Lassie

Children together with dogs

For many, raising a child with a dog is a dream come true. It's both very cosy and fun to see your child develop as strong a bond as you have with the dog in question, especially if it's a puppy - if the child is part of the dog's life from the start, the bond between them can be extra strong.
However, there are also some risks in letting the puppy grow up with the child, as the two can accidentally hurt each other without meaning to. For it to be as fun and cosy as you want it to be, a lot of adult supervision is needed. If you've been thinking about getting a puppy to grow up with the baby, this article could be very helpful!

How to create a safe upbringing

The most important thing when you want your puppy to grow up with your child is that you, as the responsible adult, make sure that they both learn how to treat each other. This means that the child needs to learn how dogs work, while you need to get the puppy used to being around children in the right way.

The child must learn about dogs

A common reason why the puppy and the child get into a fight is that the child doesn't know how dogs work. What the child needs to understand is that the puppy can become afraid of children if the child does something to hurt it, which in turn can lead to aggression and dangerous behaviour both inside and outside the home.
Of course, the child should be allowed to meet the puppy, but you must be vigilant and teach the child how to behave around it. It is your responsibility to show the child how to pet, cuddle and play with the puppy in a kind and loving way.
The child needs to learn about respect and care in order for the relationship to be safe for both of them. However, it is also important in this context that you teach the child that you never approach strange dogs without asking. As the child gets used to spending time with the dog at home, one consequence may be that they want to pet all the other dogs too - this can be dangerous.

What is the cause of the problem?

Very unfortunate scenarios can lead to the child being bitten by the puppy.
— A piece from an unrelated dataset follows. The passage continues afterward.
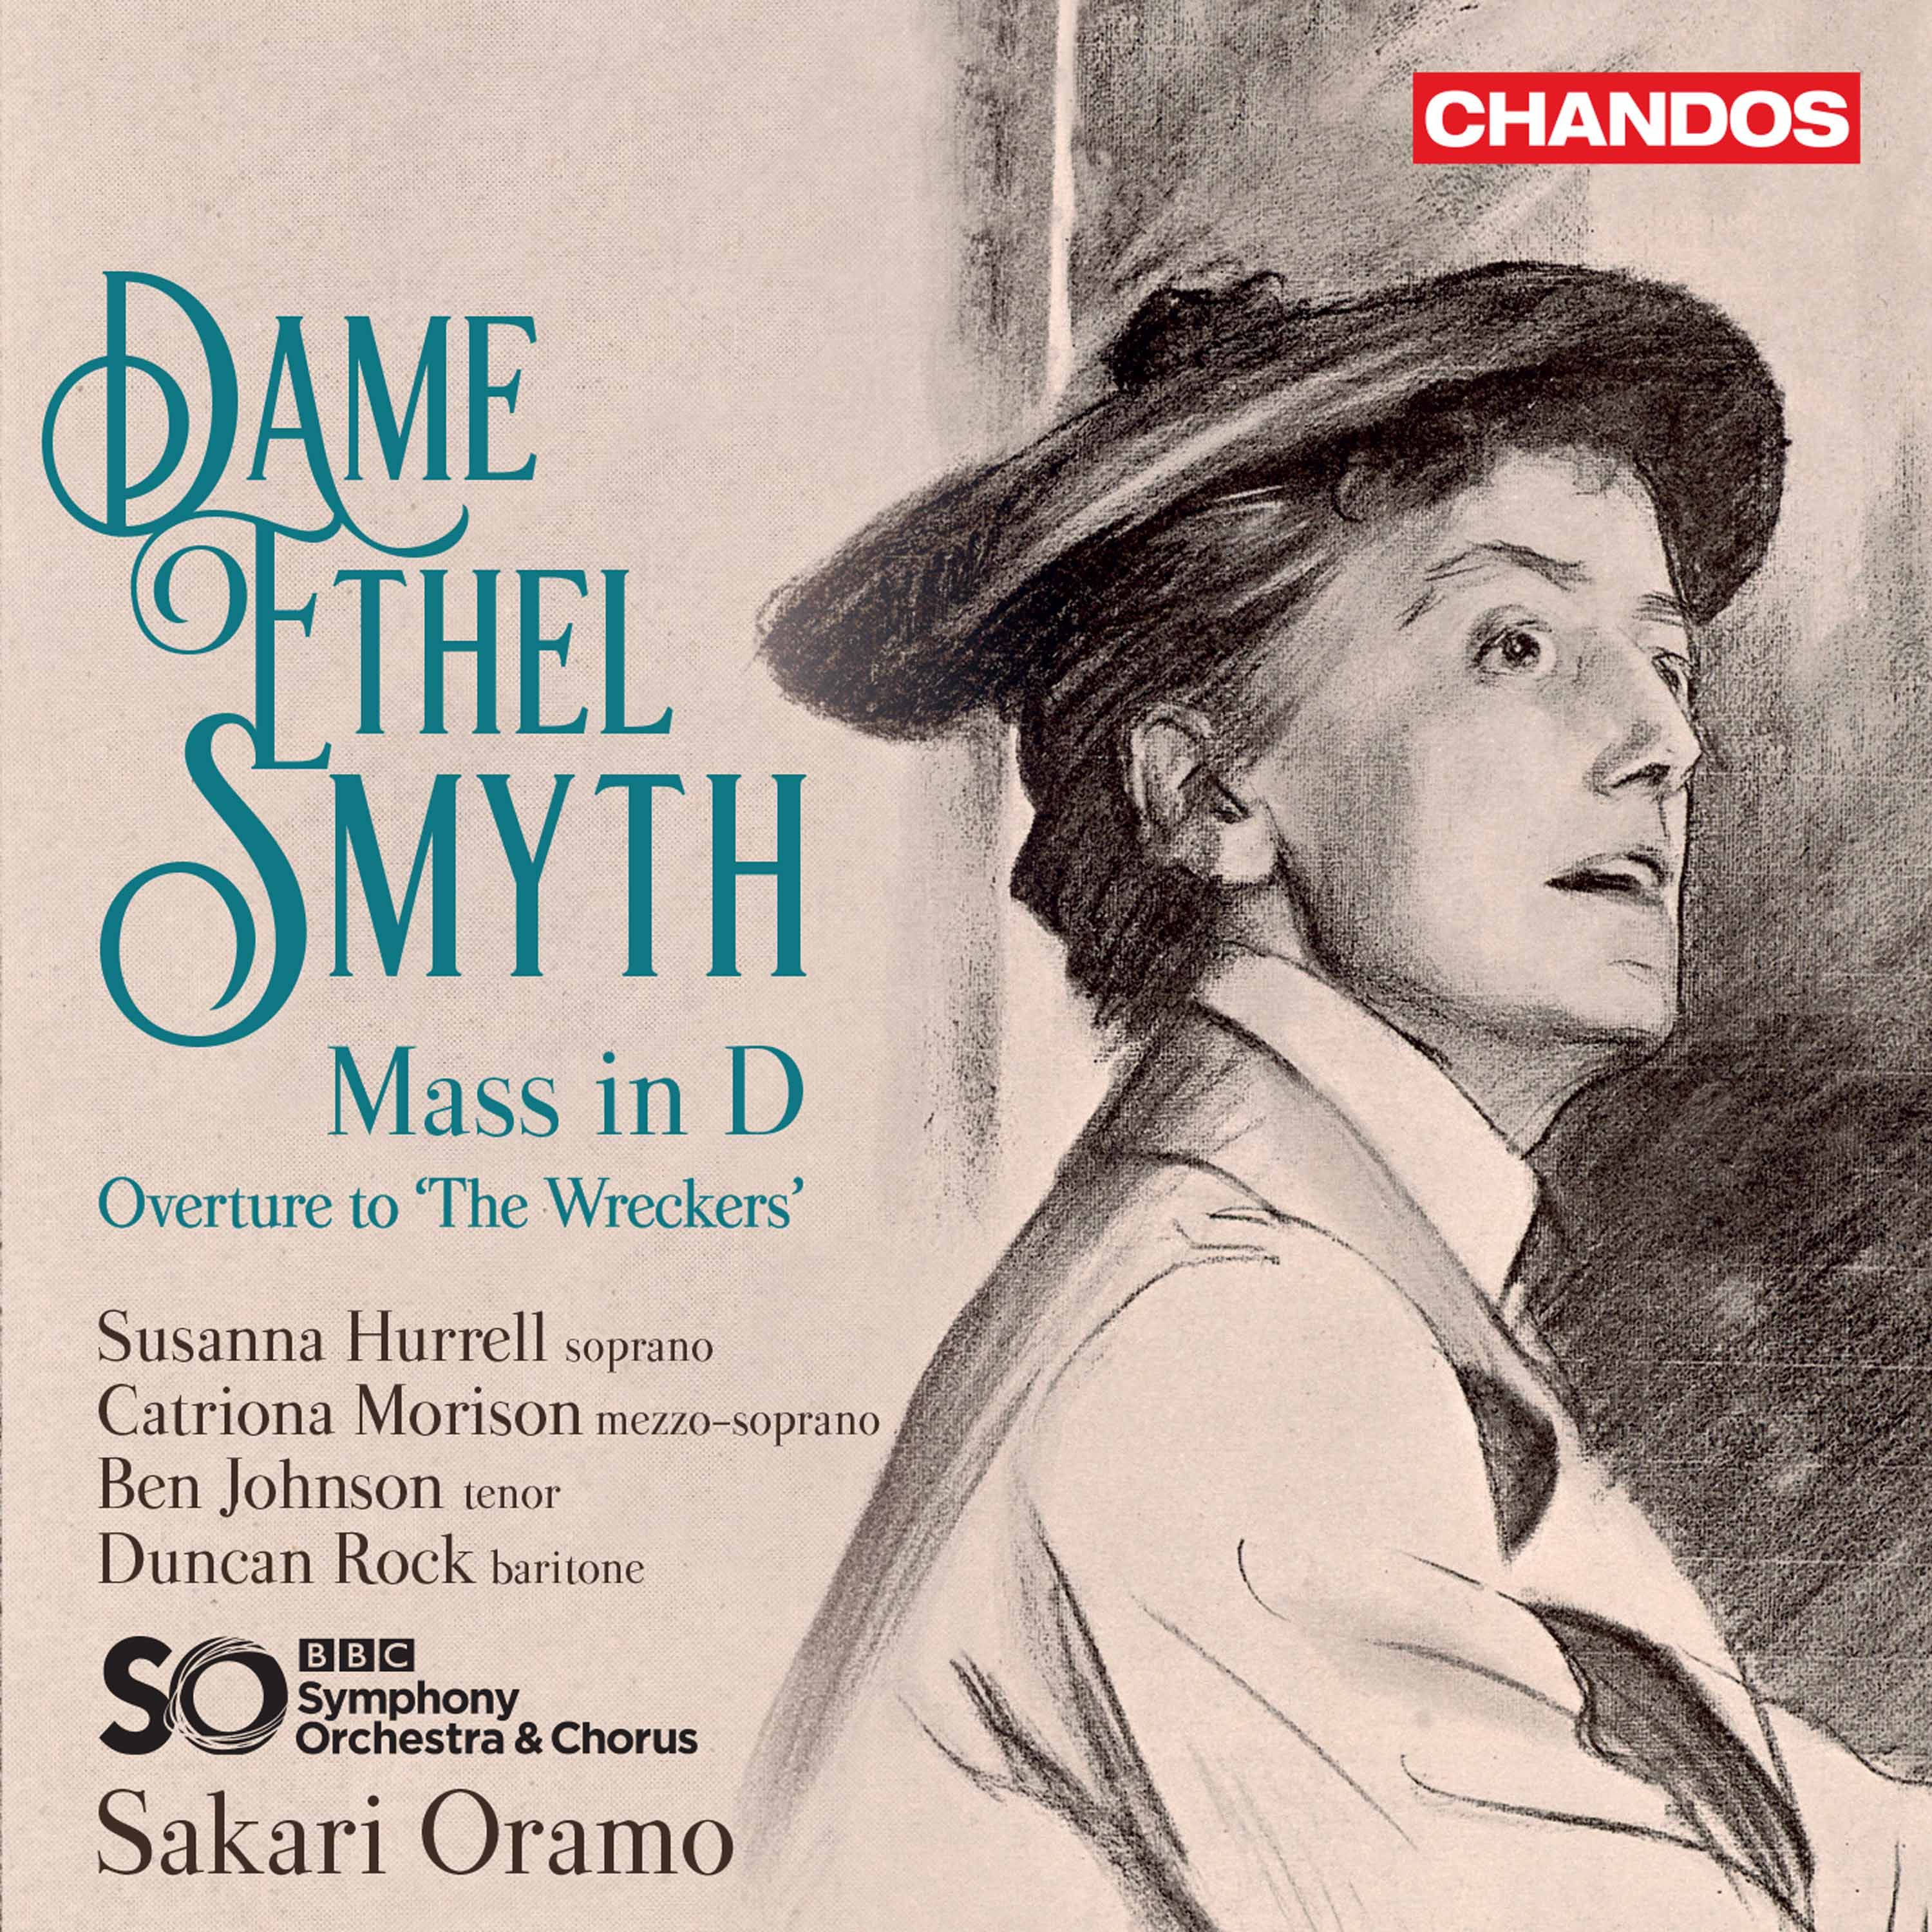 The BBC Symphony Orchestra feat. Sakari Oramo - Smyth: Mass in D Major & Overture to “The Wreckers” (2019) [FLAC 24bit/96kHz]

As unlikely as it may sound that this would happen to your particular puppy (or dog) and child, it is important to keep this in mind - it has happened a number of times, and for a variety of reasons.
Should this happen, it is common to immediately blame the dog for biting or hurting the child. Although this is a natural reaction, in many cases it is not the dog's fault at all that the child was bitten, but rather the child's behaviour which in turn led to misunderstanding on the part of the dog. If the child has handled the dog very carelessly and given innocently threatening signals, the dog may become aggressive and bite back. To reduce the risk of these scenarios occurring, you need to teach your child about behaviour around dogs and deal with the situation based on the cause of the problem. Don't forget supervision!

A good relationship is important

Another important point for the puppy and child to play well and safely together is for you, the adult, to ensure that their relationship is properly nurtured. As an adult, you must remember that all responsibility for the relationship between the dog and the child lies with you, how you teach both the child and the puppy, and how you act in different situations. It is often said that a particular breed is a "good child's dog", but this is often not entirely true. The dog's behavior around children depends entirely on its experience with children, with positive versus negative ones making a big difference. So if you want them to be able to socialise without problems, you need to make sure they are positive.
To create an even better relationship between child and puppy, you can make sure the two perform different activities together. If it's not reading homework together on the sofa, it could be practising different tricks and exercises for searching, playing hide and seek, or taking a class. This is especially fun if the child is a little older and wants to take responsibility for his or her own learning.

Children and dogs - something to think about!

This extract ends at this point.